The displacement 'x' (in meter) of a particle of mass 'm' (in kg) moving in one dimension under the action of a force is released to time 't' (in sec) by `t = sqrt(x) + 3`. The displacement of the particle when its velocity is zero will be.

To solve the problem, we need to find the displacement \( x \) of a particle when its velocity is zero.

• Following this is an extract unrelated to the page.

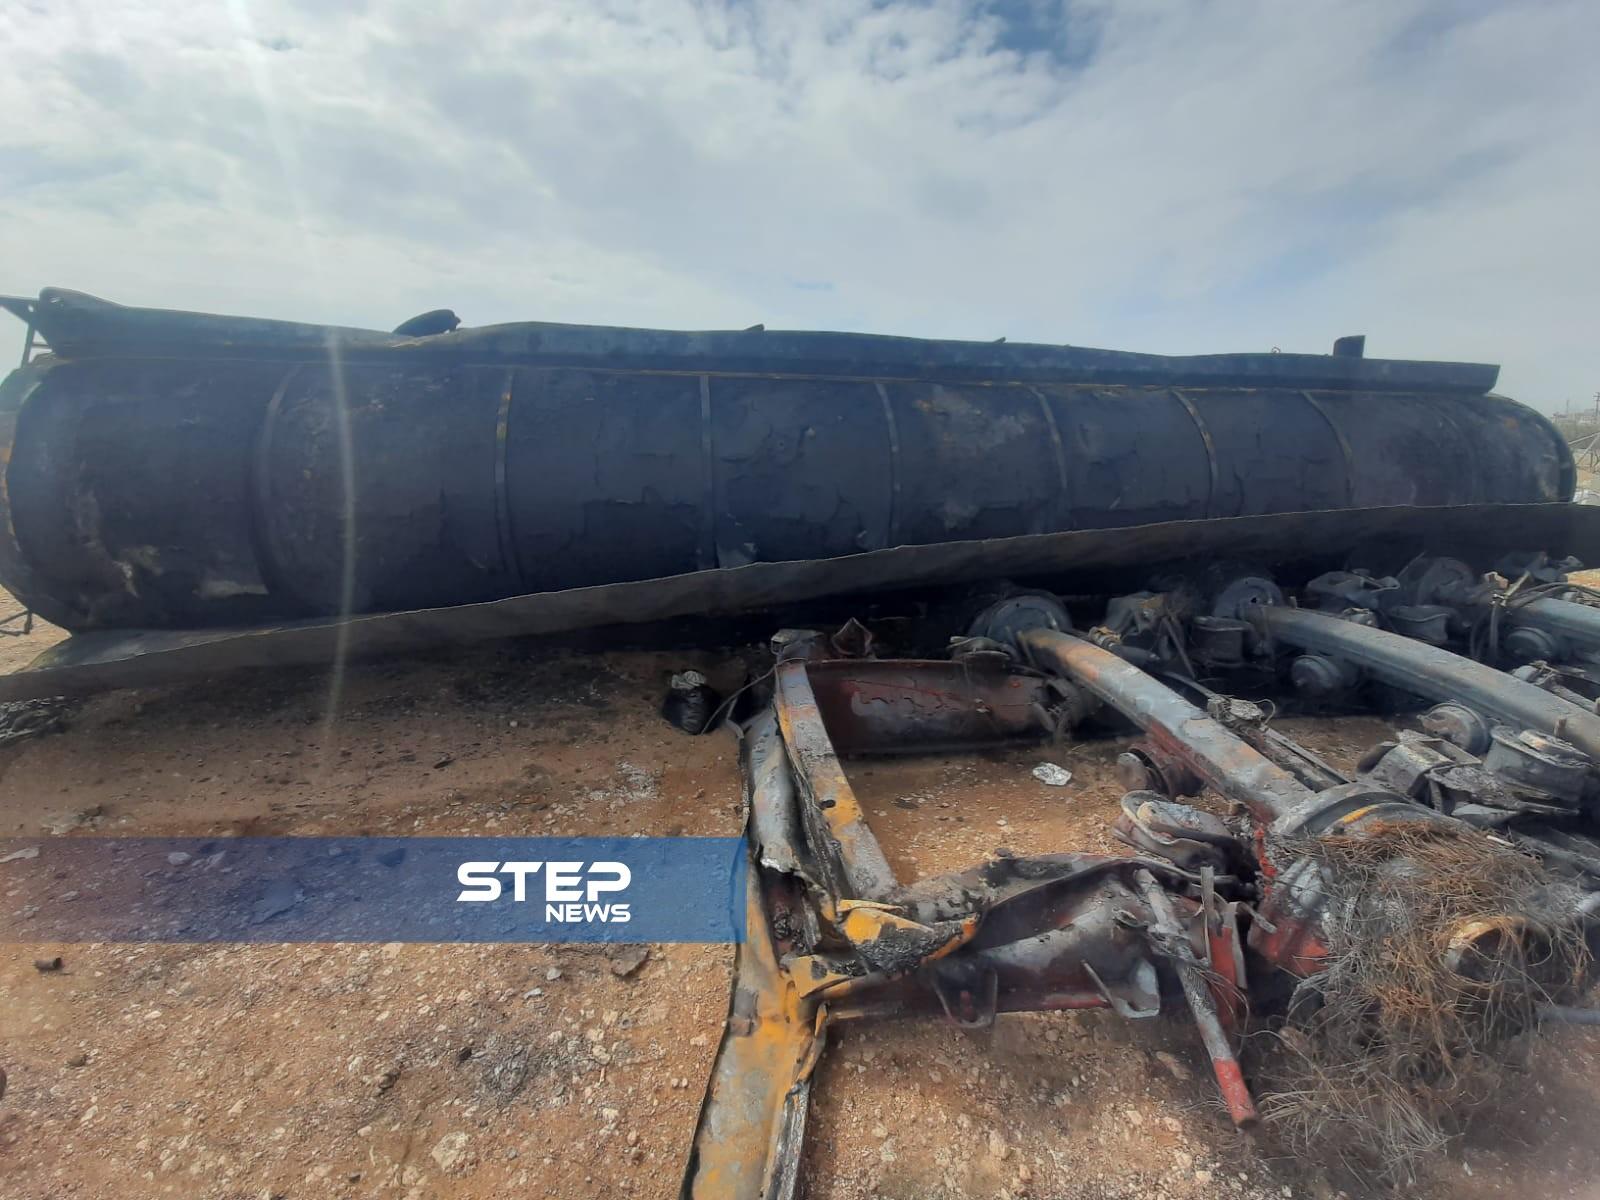 أحد صهاريج النفط المحترق نتيجة القصف
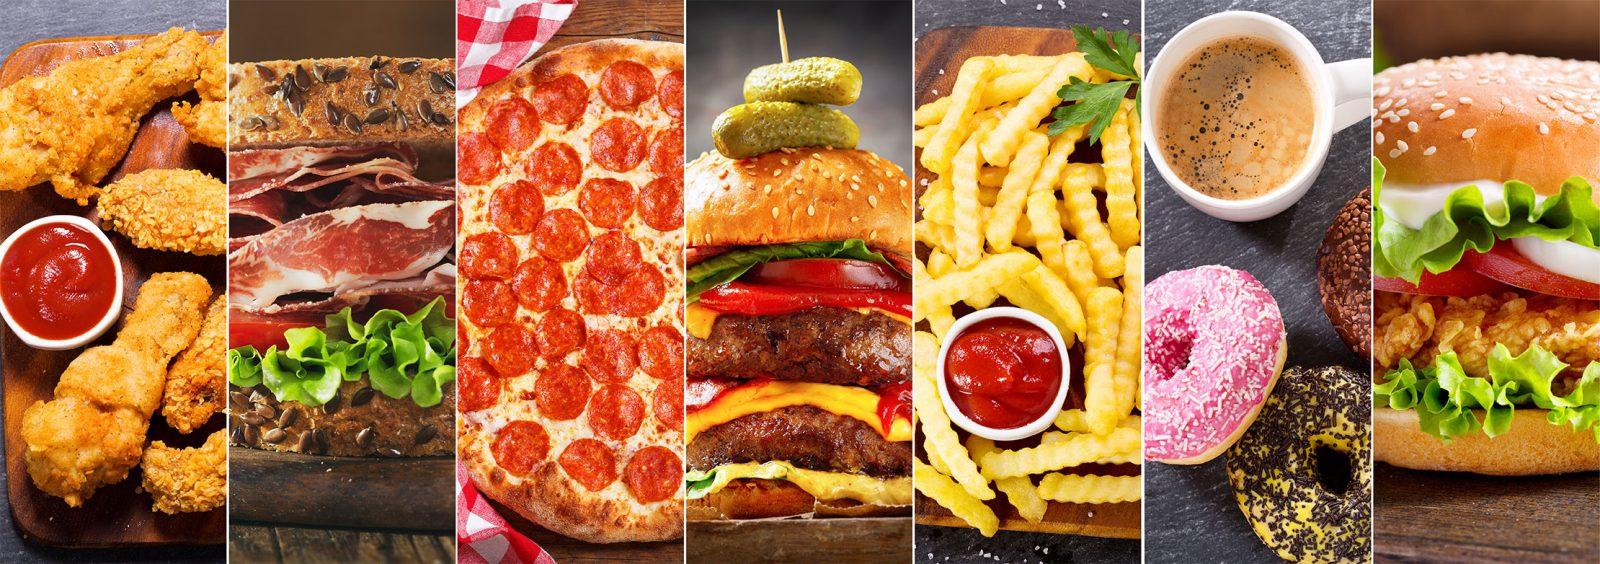 50 foodie trends. 🍔 🍕

The relationship between time \( t \) and displacement \( x \) is given by the equation: \[ t = \sqrt{x} + 3 \] ### Step 1: Rearranging the equation First, we can rearrange the equation to express \( x \) in terms of \( t \): \[ t - 3 = \sqrt{x} \] Now, squaring both sides gives us: \[ (t - 3)^2 = x \] ### Step 2: Finding the velocity To find the velocity, we differentiate \( x \) with respect to \( t \): \[ \frac{dx}{dt} = 2(t - 3) \] ### Step 3: Setting the velocity to zero We need to find the time \( t \) when the velocity is zero: \[ 2(t - 3) = 0 \] Dividing both sides by 2: \[ t - 3 = 0 \] Thus, we find: \[ t = 3 \text{ seconds} \] ### Step 4: Finding displacement at \( t = 3 \) Now, we substitute \( t = 3 \) back into the equation for \( x \): \[ x = (3 - 3)^2 = 0^2 = 0 \] ### Conclusion Therefore, the displacement of the particle when its velocity is zero is: \[ \boxed{0 \text{ meters}} \]